The government has increased the amount individual patients pay for medical treatment, and reduced the fees medical institutions receive from the national health insurance system. But these measures stopped short of reducing the number of elderly inpatients. Accordingly, in the new bills the government has come up with a policy to cut the number of beds for patients requiring long-term convalescence, who are mostly elderly people in need of nursing care services.
However, it is unclear whether this drastic measure will be effective.
A senior official of the Health, Labor and Welfare Ministry said: "A survey showed that about half of all hospital patients are social hospitalization patients. This offers a definite basis for implementing drastic reform. It's imperative that we slash overall social security costs. Wasting medical treatment fees can no longer be tolerated."
Social hospitalization is one reason why the average number of days a Japanese patient spends in hospital--36 days--is two to six times that of other advanced countries. Although this waste of medical fees has been taking place for a long time, a precise survey was not carried out until recently.

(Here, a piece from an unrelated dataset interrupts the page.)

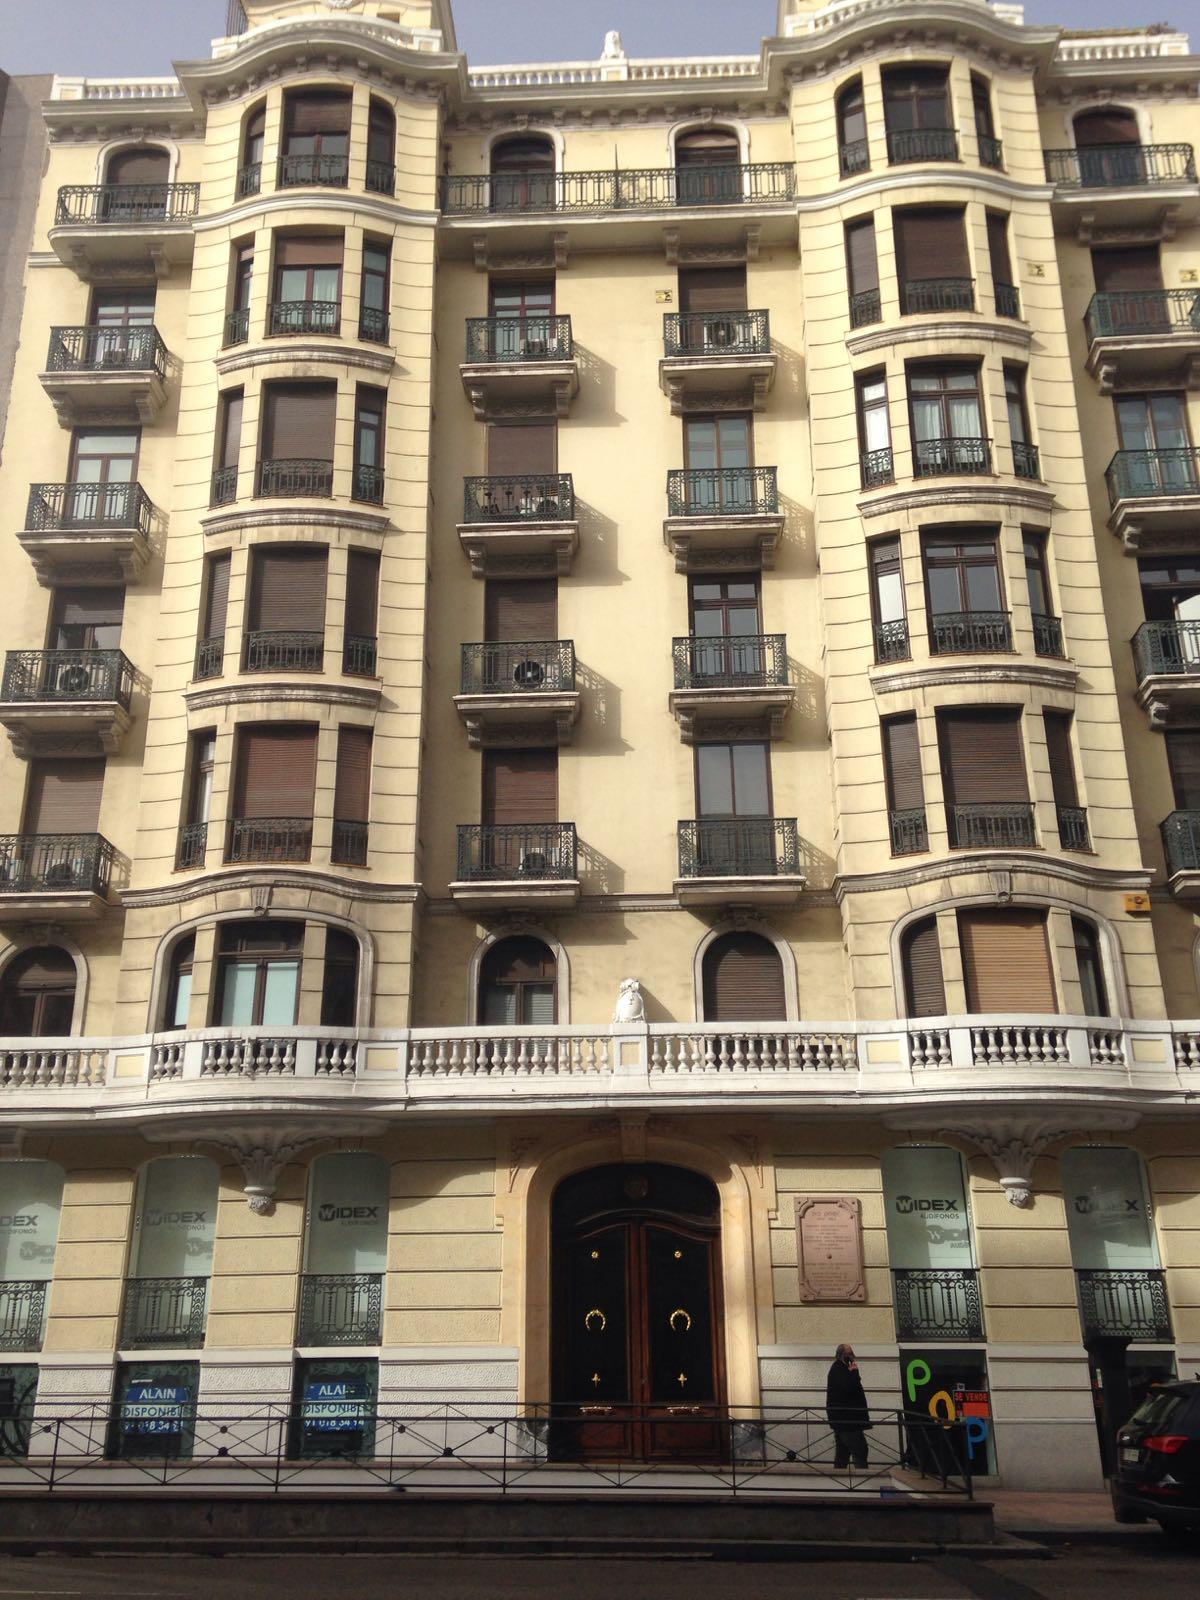 5e37214dd2a8 Traslado de sede social a la Calle Velázquez 27 1º Exterior Izquierda.  Madrid.

The government has come up with ways of decreasing the cost of fees paid to medical institutions when patients are hospitalized for prolonged periods and increasing the cost of treatment for individual patients. But elderly patients, who have no other place to go to, have remained in hospitals.
The government is able to tackle this thorny issue because of the opportunity presented by the Liberal Democratic Party's landslide victory in the 2005 general election and the waning influence of the Japan Medical Association.
Medical fees have been increasing by 1 trillion yen per year, but with a declining birthrate and an aging population reducing costs is a high-priority issue.
However, reform has long been considered impossible due to strong opposition from vested interest groups.
Before compiling the draft bills, the ministry conducted its first survey to determine the number of beds used by long-stay patients whose costs were covered by health insurance or nursing care insurance. It found half of the patients hardly required any medical attention. Adding patients who required medical attention just once a week, the figure climbed to about 80 percent. Taking this into account, the draft bills call for a 60 percent cut in such beds.
The ministry intends to abolish all the 130,000 beds allocated for nursing care services by the end of March 2012 and reduce the number of beds put aside for medical care services from 250,000 to 150,000 by the end of March 2013. Affected patients will be shifted to low-cost nursing homes or will receive nursing care at home. The construction of long-stay nursing homes will be actively promoted.
The draft bills call for home care support clinics whose staff will make house calls and provide around-the-clock services for home care patients. Additional payments will be levied in the case of terminal care.
Medical fees paid under the national health insurance system to hospitals with many patients who require little medical care will be greatly reduced from July.
Currently, medical insurance payments total about 28 trillion yen a year but by 2025 this figure is expected to have doubled. The ministry plans to cut payments by about 4 trillion yen. This money will be used to expand home care services and allocate extra funding to general hospitals where doctors are said to be overworked.